The challenge is global. In meetings with government officials from former Soviet countries, we discussed efforts to close large institutions in favor of community-based living. Despite the international community calling on governments to deinstitutionalize and the internal desire of these governments to close these institutions, a larger problem of how to change the mindset of parents with children with disabilities looms. Policies alone cannot succeed if parental attitudes remain trapped in fear. Parents naturally want to protect their children, but fear and the social stigma that often accompanies disability can unintentionally limit opportunity. Around the world, harmful practices persist: children are shackled, excluded, or hidden because families lack guidance or support. Change begins not with law alone, but with how parents perceive the worth and potential of their child.

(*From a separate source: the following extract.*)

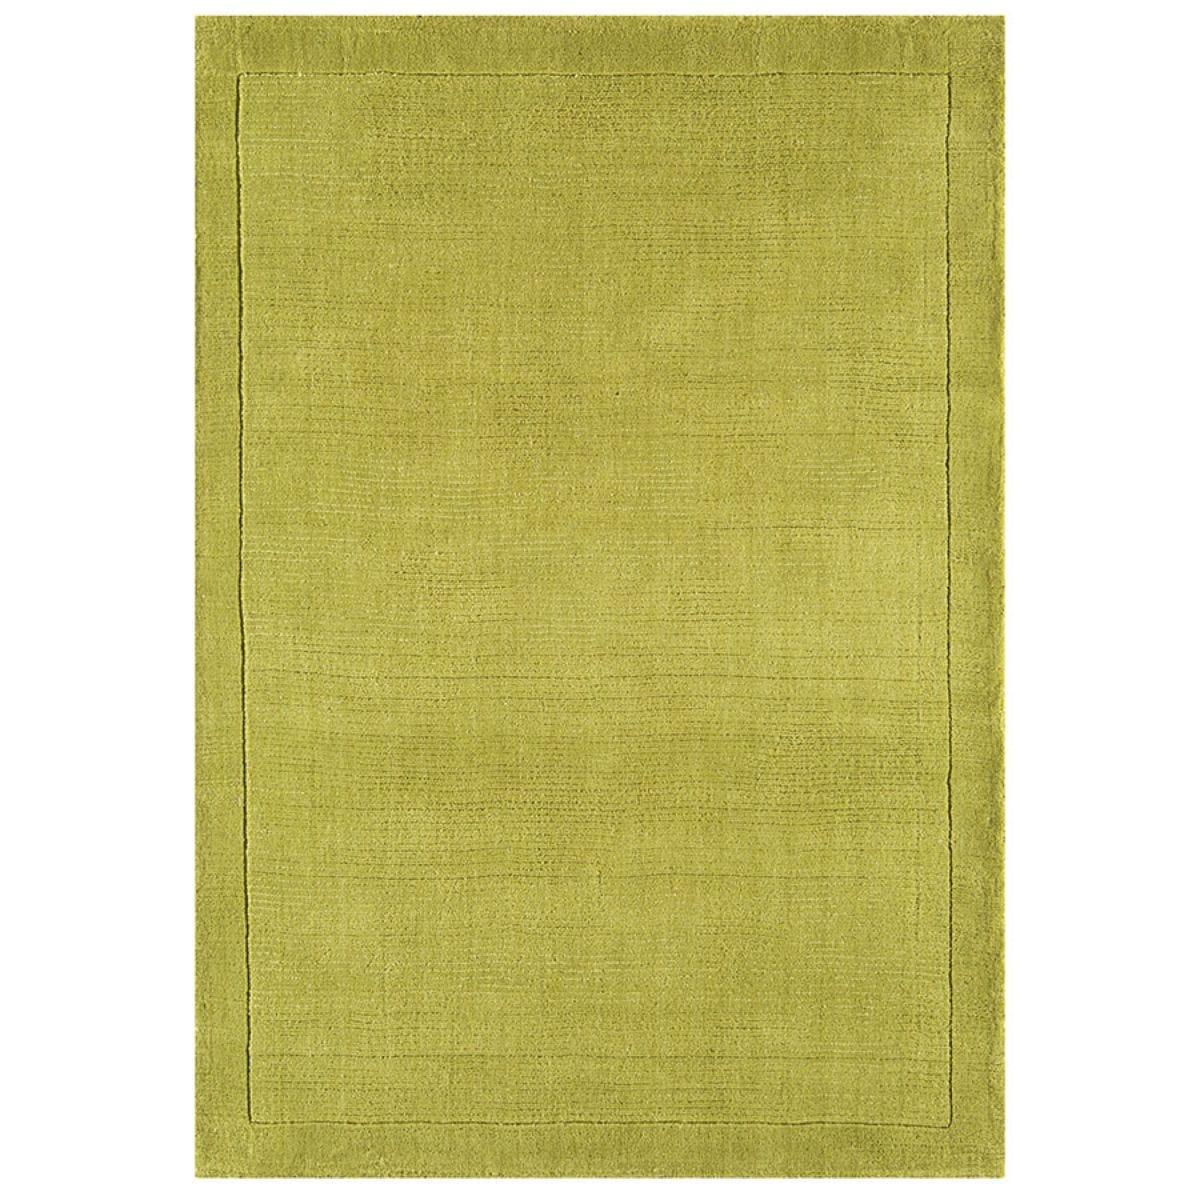 Asiatic York Handloom Rug, 80x150cm

Behavioral economics offers surprisingly practical ways to shift behavior without shaming anyone. For starters, fear can be reframed. Parents are exquisitely loss-averse, so instead of highlighting what could go wrong, we can focus on what might be lost: “Avoiding age-appropriate experiences now can quietly limit independence later.” Growth can be made the default: automatic inclusion in activities, short trial periods, and a presumption of competence allow for parents to take a first step.

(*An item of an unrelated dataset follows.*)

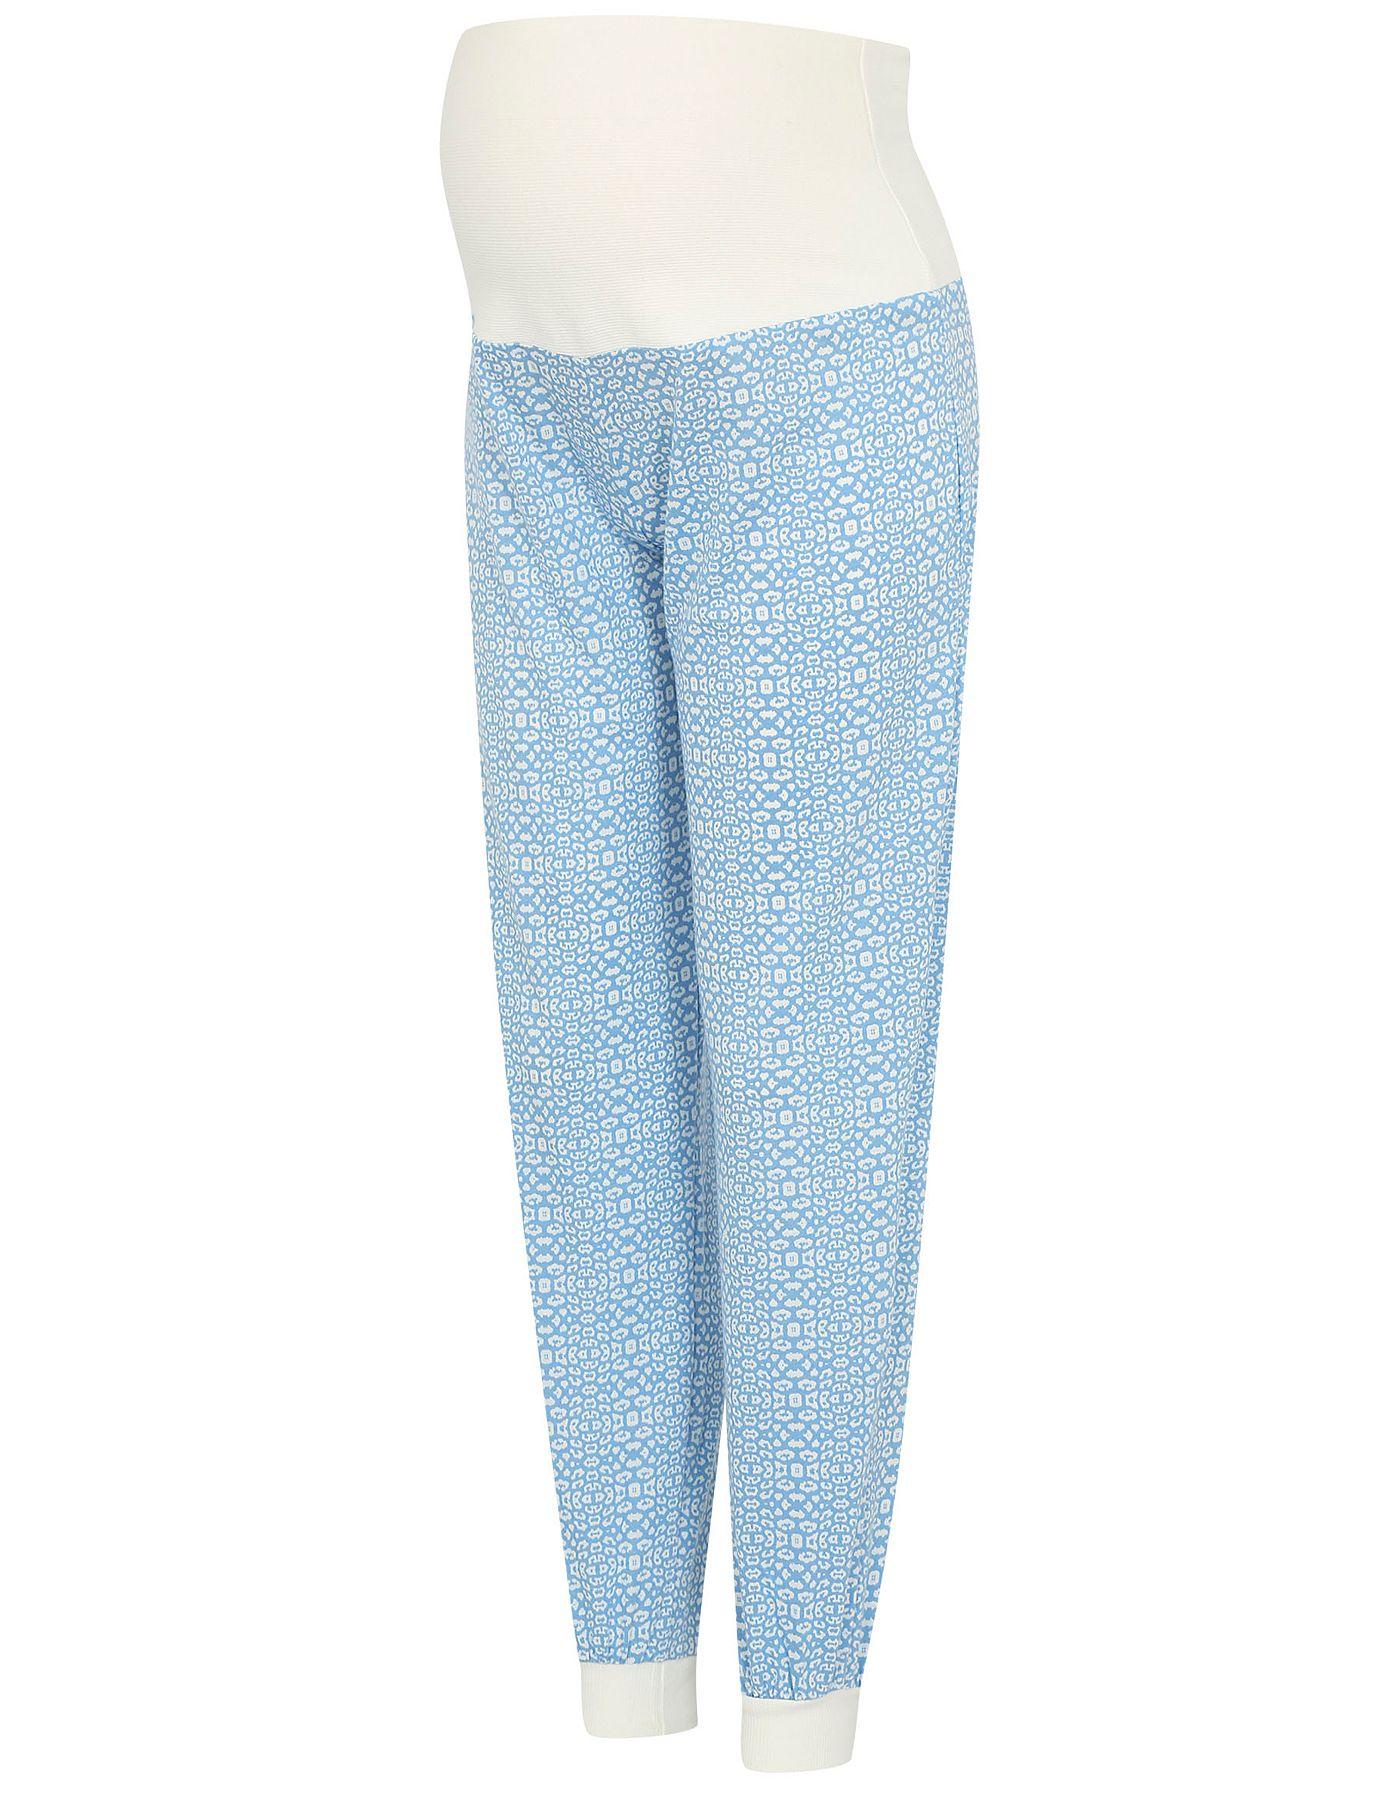 Asda maternity bootcut jeans

Clarity reduces fear. Rather than vague encouragement, concrete pathways help parents understand exactly what will happen, with safety nets in place: “Here’s what happens on day one, week three, and if it doesn’t work.” Peer stories matter more than expert advice—parents trust other parents who share their experience. Hearing that “we didn’t think our child was ready either” and “here is how we navigated the barriers” can normalize risk and make inclusion feel possible.

It’s important to acknowledge that a parents’ natural instinct is to protect their child. Rather than telling a parent that they shouldn’t be so protective, we can redirect. Instead of “letting go,” parents can “add supports so their child can try.” Instead of “pushing,” they can “practice independence safely.” Small, time-bound experiments can build confidence, reshape beliefs, and create momentum. And professionals must model the right behavior; over-cautious language or deficit-focused reports inadvertently reinforce parental fear.

Parents aren’t holding their children back intentionally, they’re responding rationally to systems that over-penalize risk and under-support growth. Behavior change rarely happens all at once. It unfolds gradually through repeated experiences, small successes, and supportive structures. Over time, habits shift, expectations rise, and even identity transforms.

At its core, this isn’t just about parenting or policy—it’s about designing environments that unlock human potential. When growth is easier and safer than caution, children with disabilities can thrive. Parents, freed from fear, can act with both love and possibility. And the world begins to see, not just what could go wrong, but everything that could go right.